- [What to do] Among the records below, find the line with "数値なしでピンCar Chair Home" and the line with "Babordsgatan 5, vån". Set down both and every line between, exactly and with no pictures, but nothing else.

- [Supplied data]
....
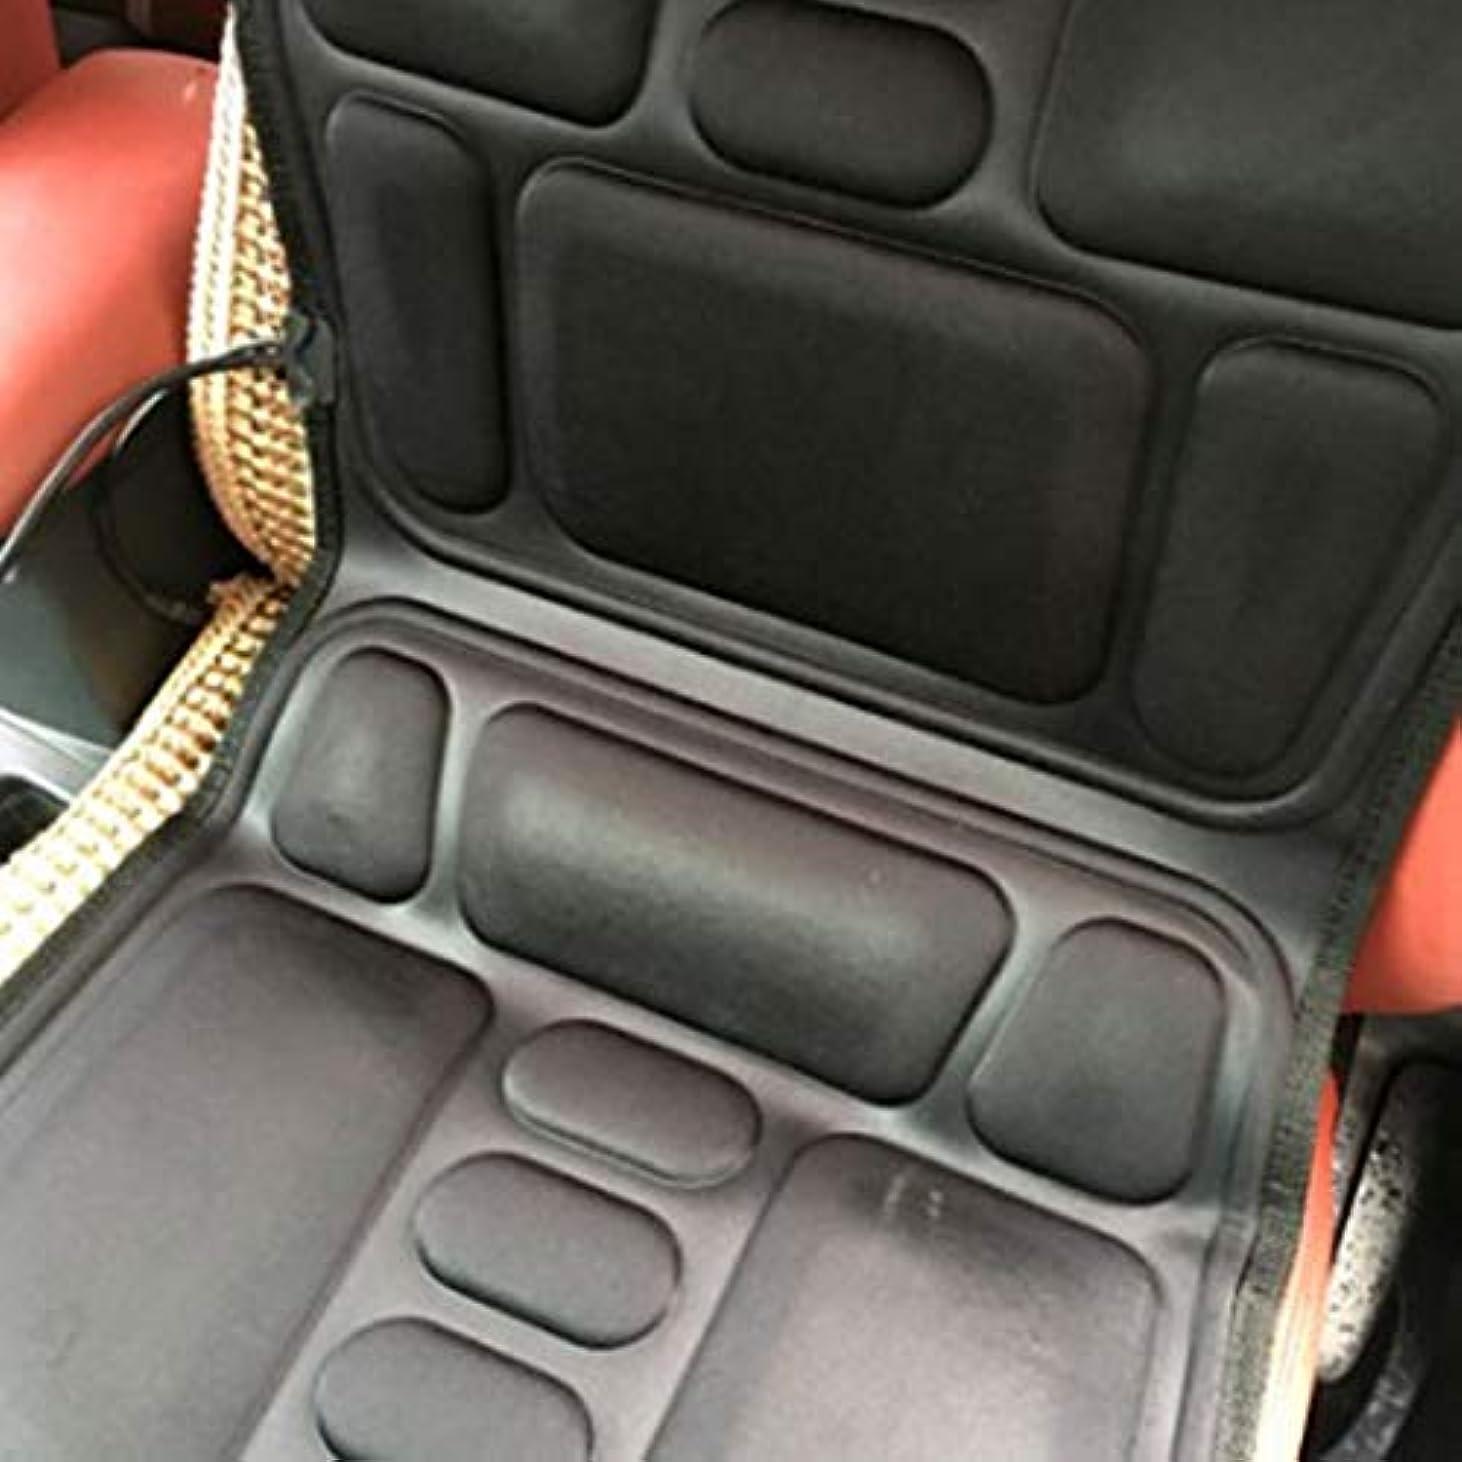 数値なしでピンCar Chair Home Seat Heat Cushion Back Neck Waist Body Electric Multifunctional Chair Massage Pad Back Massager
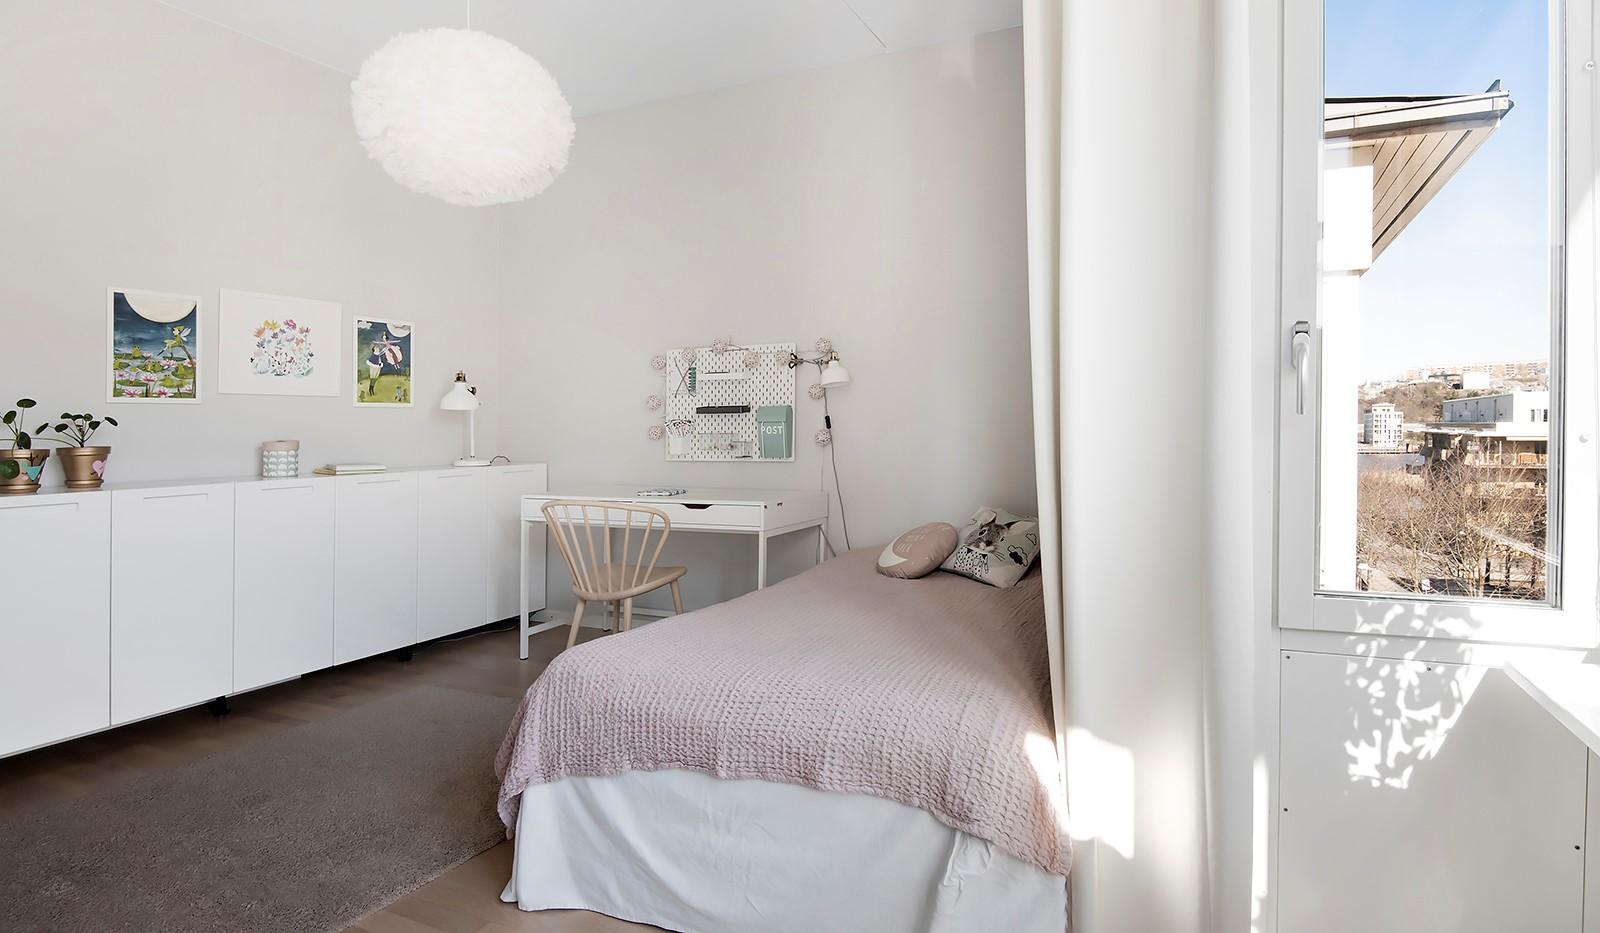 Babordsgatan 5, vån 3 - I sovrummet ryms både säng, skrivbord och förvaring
....
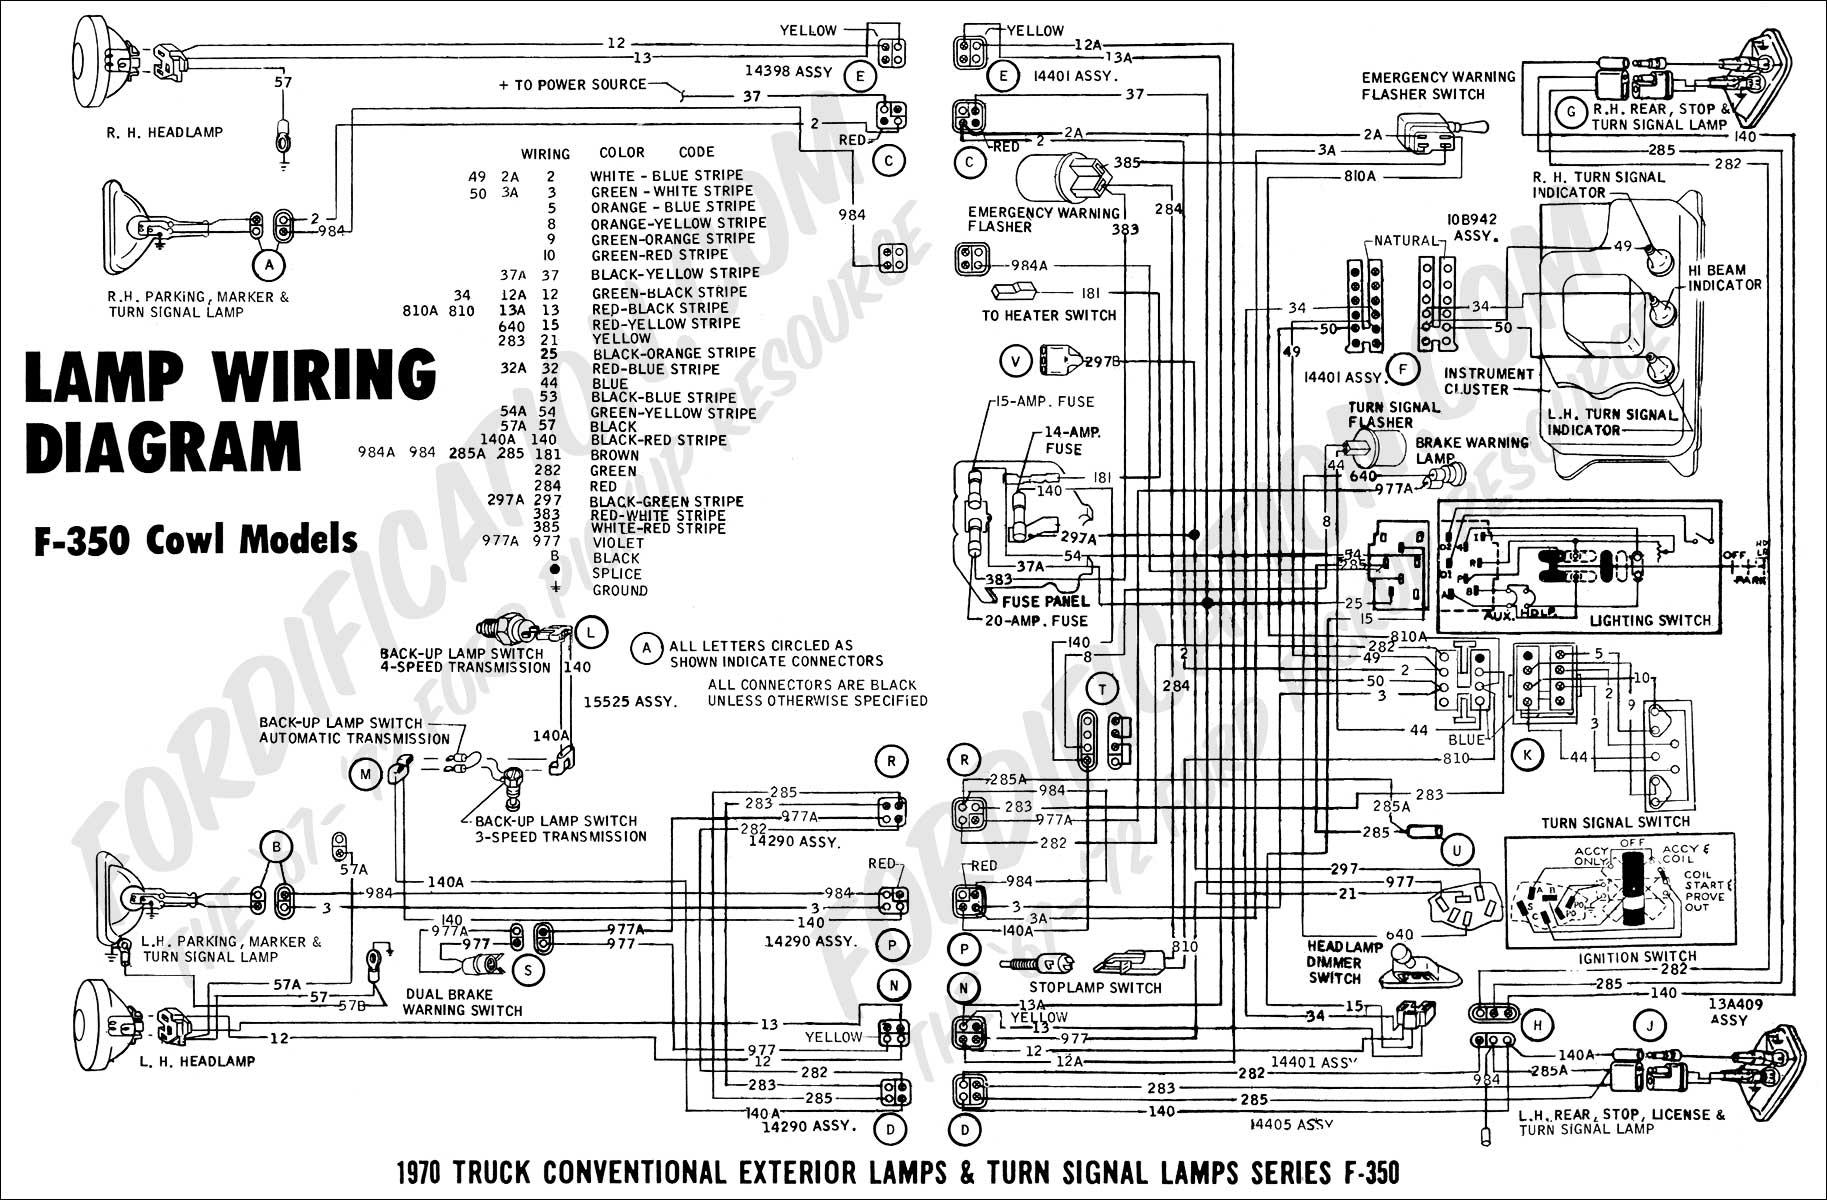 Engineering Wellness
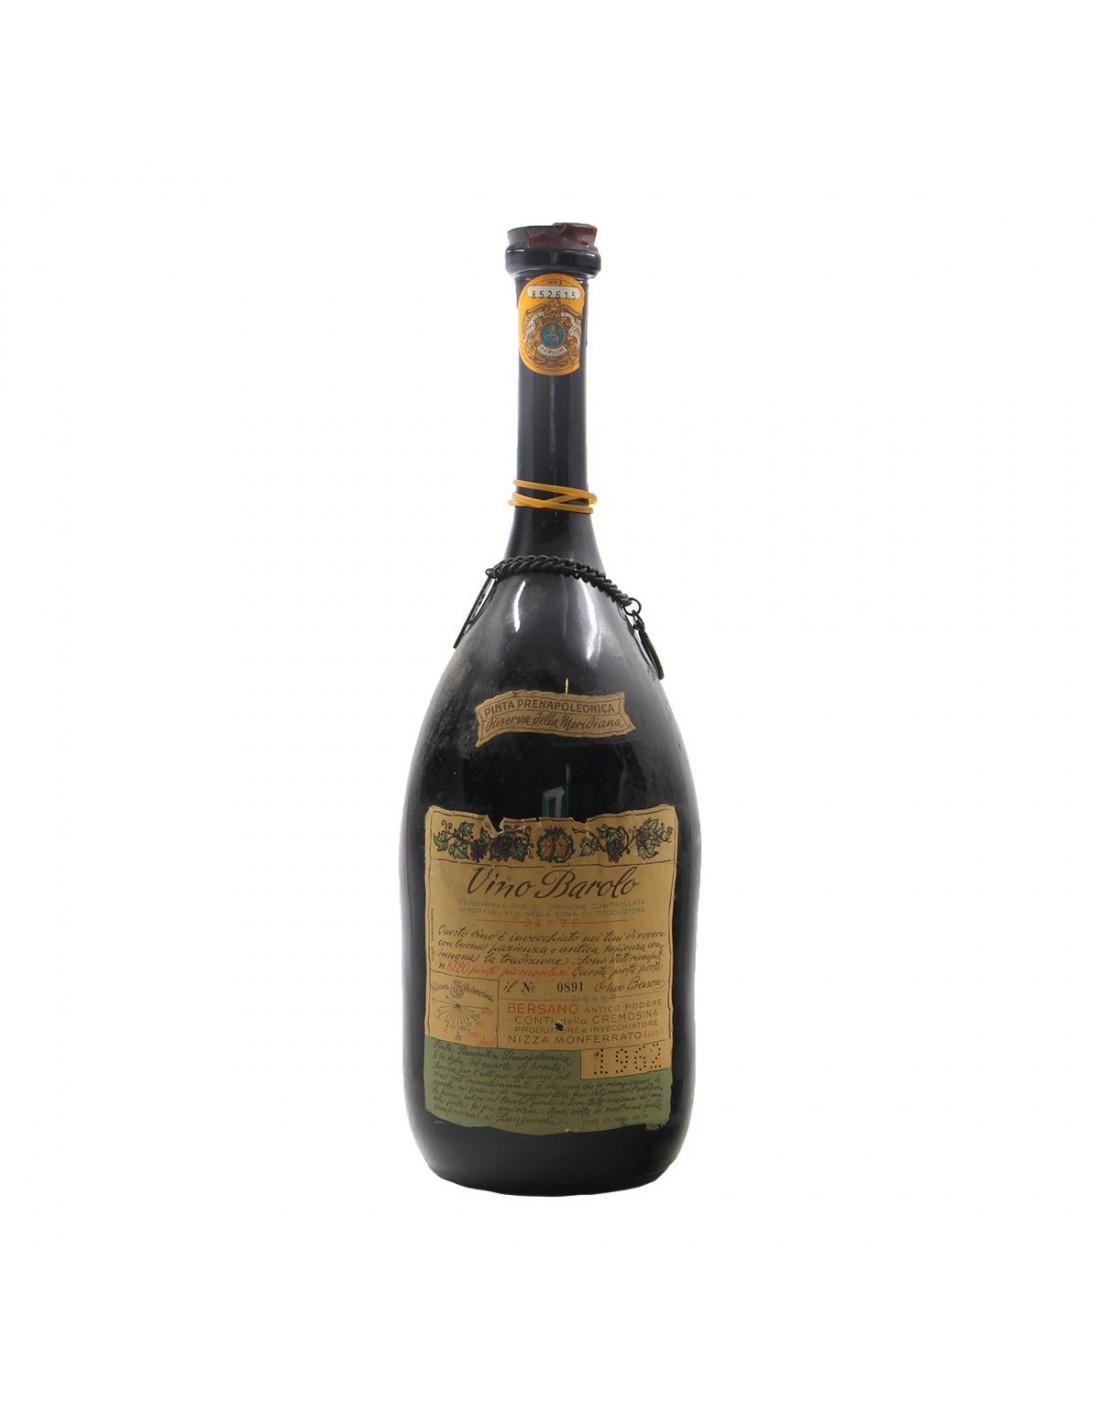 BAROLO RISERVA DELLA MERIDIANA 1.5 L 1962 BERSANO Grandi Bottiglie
....
- [Result of the task]
 数値なしでピンCar Chair Home Seat Heat Cushion Back Neck Waist Body Electric Multifunctional Chair Massage Pad Back Massager
 Babordsgatan 5, vån 3 - I sovrummet ryms både säng, skrivbord och förvaring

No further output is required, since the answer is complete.